8. Sri B.N. Basu, learned State Representative, submits that the goods have been released on furnishing cash security by order of this Tribunal on an application made for that by the applicant before the Tribunal. The goods having been released on furnishing such security and the same accordingly been not made available for seizure Under Sub-section (1) of Section 70 of the Act of 1994, the respondent has power Under Section 7 1B of the Act of 1994 to impose penalty of a sum not exceeding 25 per cent of the value of such goods following procedure as per Section 71A of the Act. But unfortunately the said Section 71B was incorporated only with effect from August 1, 2001 and the detention is of a period of March, 2001. So the submission has no force.

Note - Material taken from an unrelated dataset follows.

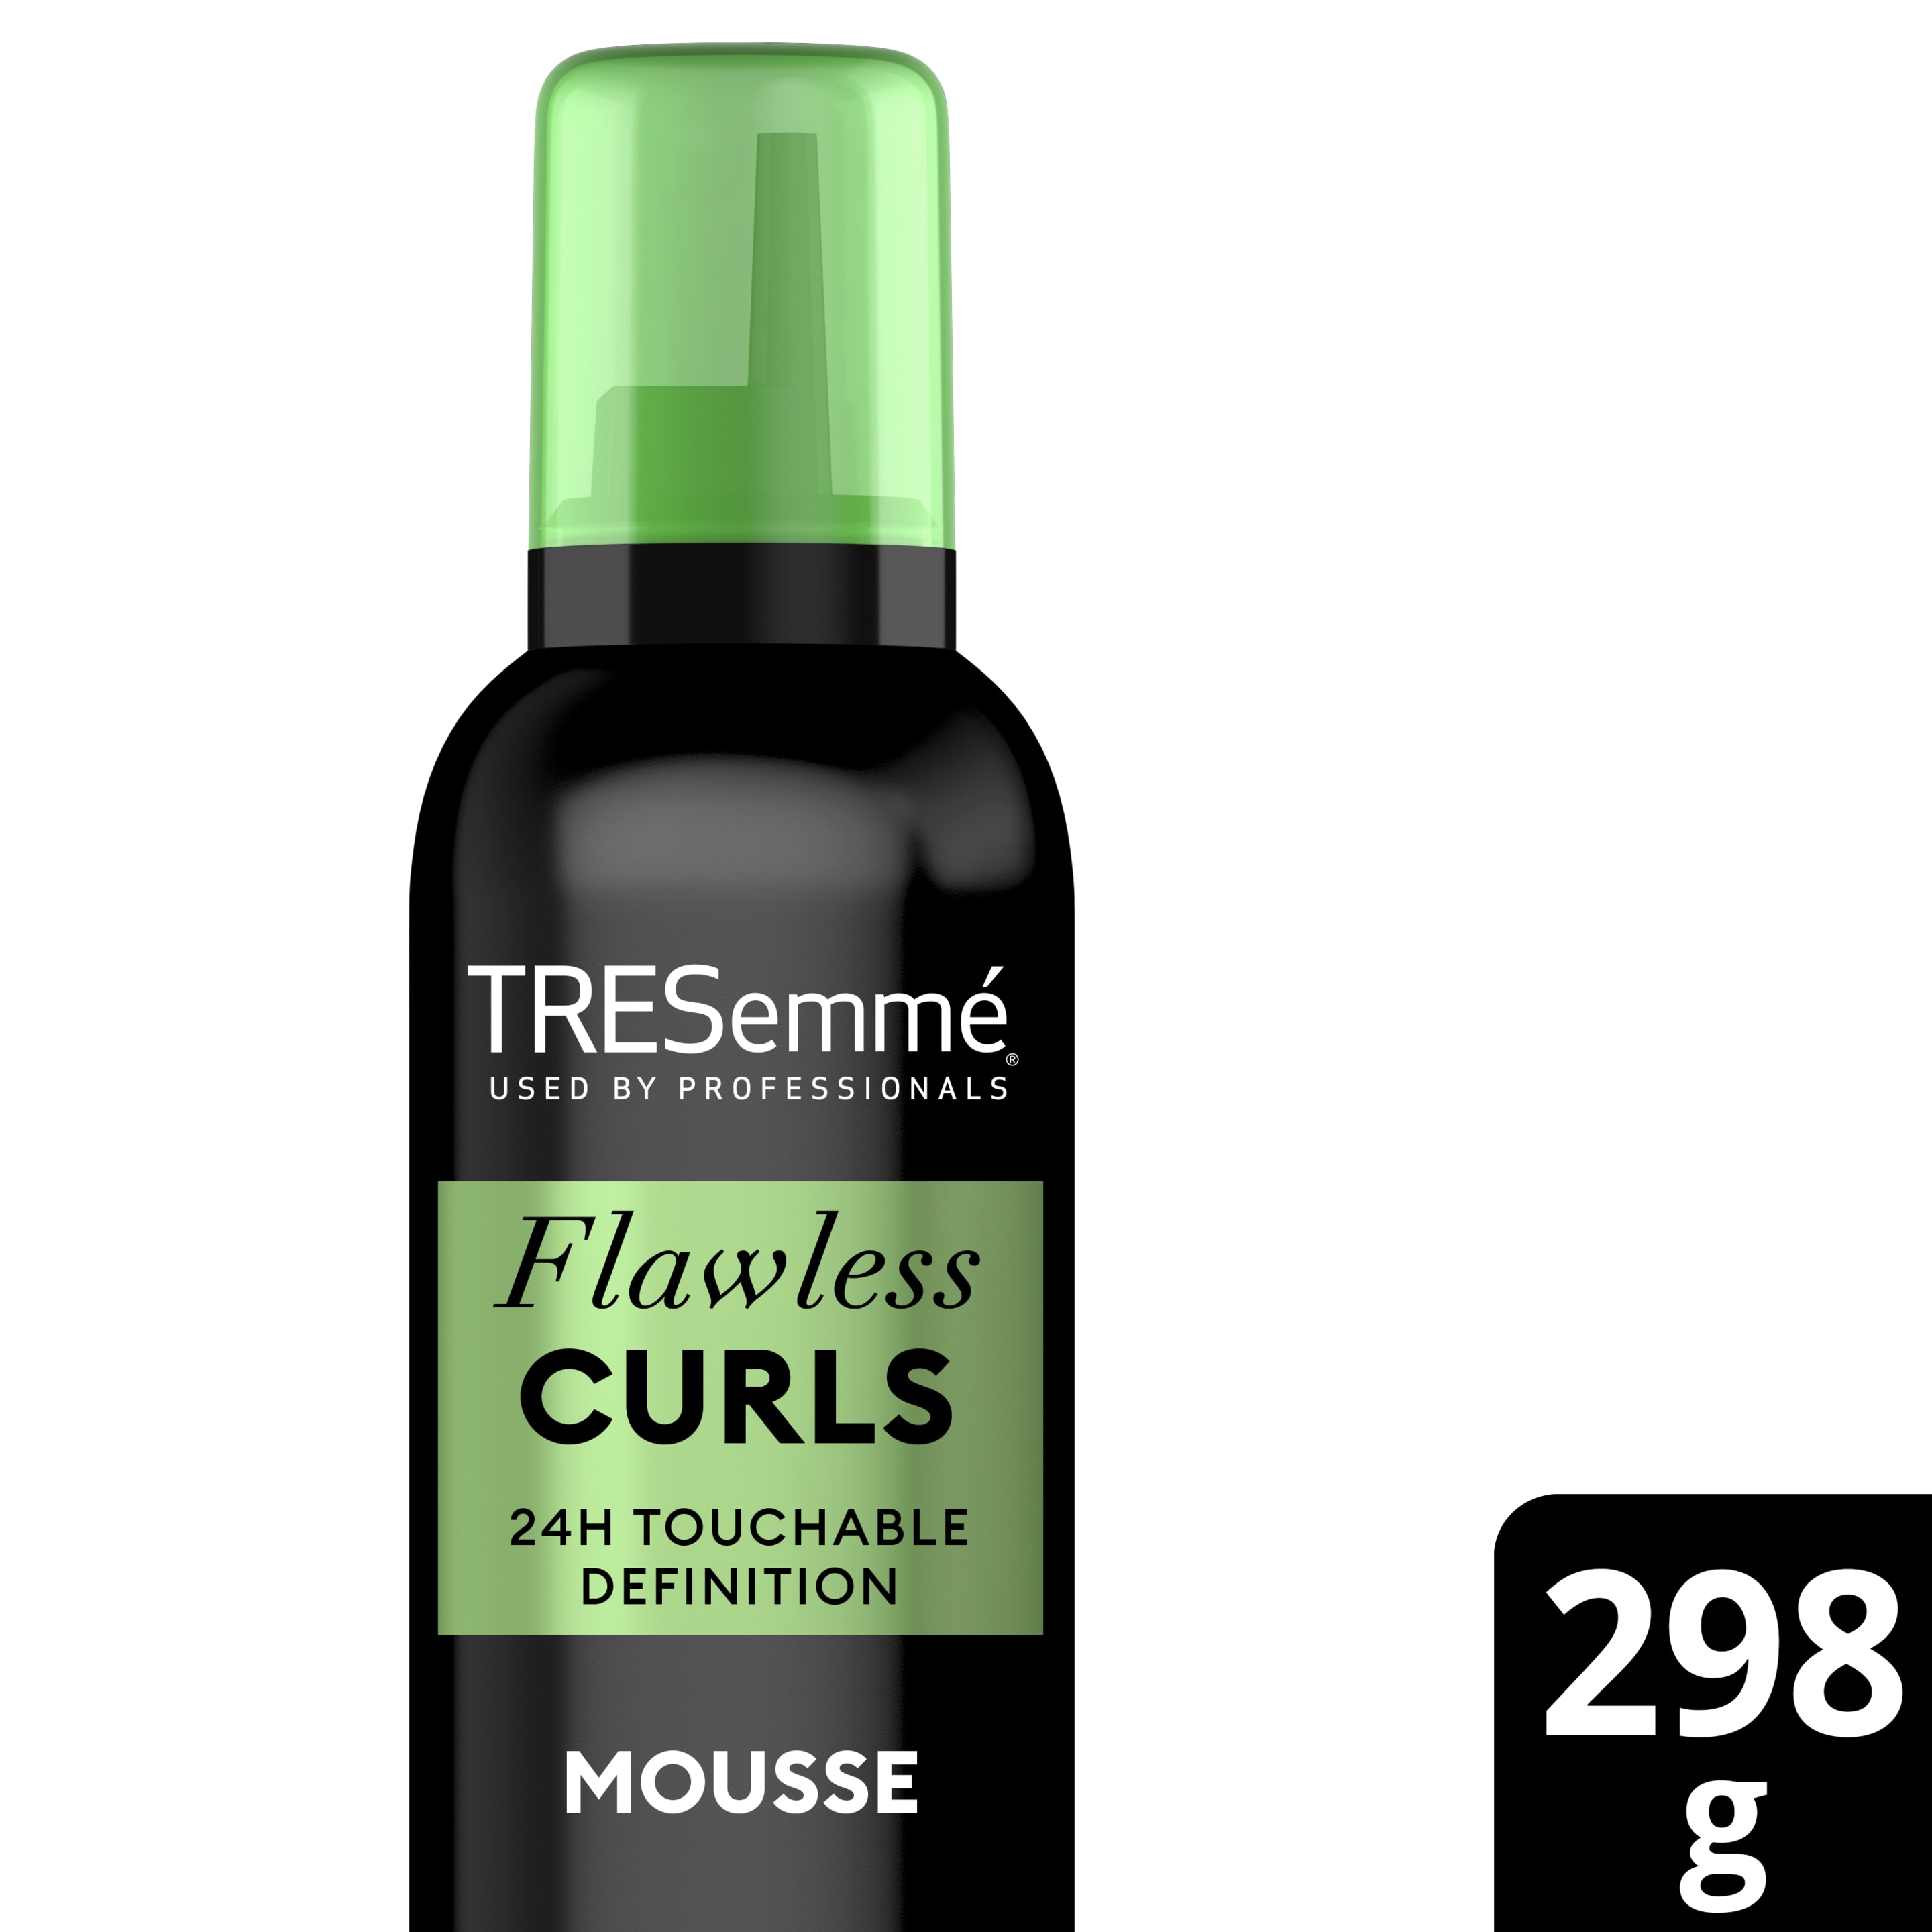 A 298 g bottle of Flawless Curls Mousse hero image
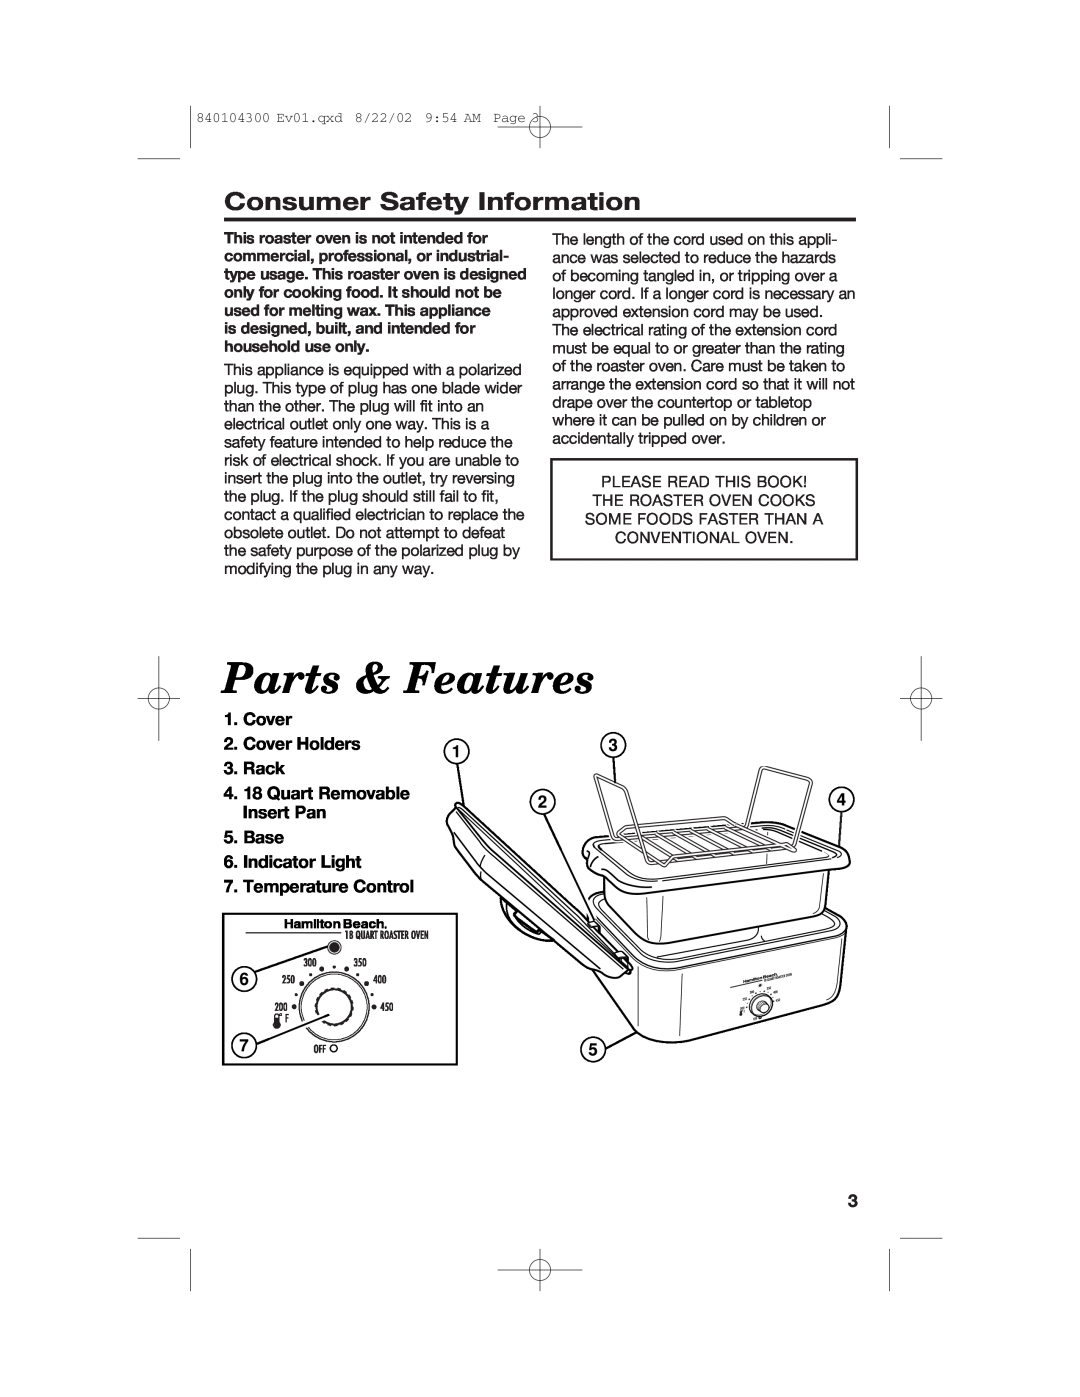 Hamilton Beach 32180C manual Parts & Features, Consumer Safety Information, Cover 2. Cover Holders 3. Rack

9. Regard being had to the facts as well as points of law we hold that the order of detention dated March 11, 2001 and the order dated March 13, 2001 of respondent No. 1 imposing penalty Under Section 72 of the West Bengal Sales Tax Act, 1994 are not sustainable in law and as such require to be set aside.
10. The application therefore succeeds. The order of detention dated March 11, 2001 and the order dated March 13, 2001 by the respondent No.1 imposing penalty are set aside. The cash security furnished in this case and case No. RN-142 of 2001 be returned or refunded to the applicant.
28.6.2002: Judgment is ready and delivered in open court and kept in a separate sheet along with the record of this case. The application succeeds.
After the above order is passed, the learned State Representative Mr.
J.K. Goswami prays for stay of the order to which other side has objection. We find no reason for which the operation of the order should be stayed. With due consideration the prayer stands rejected.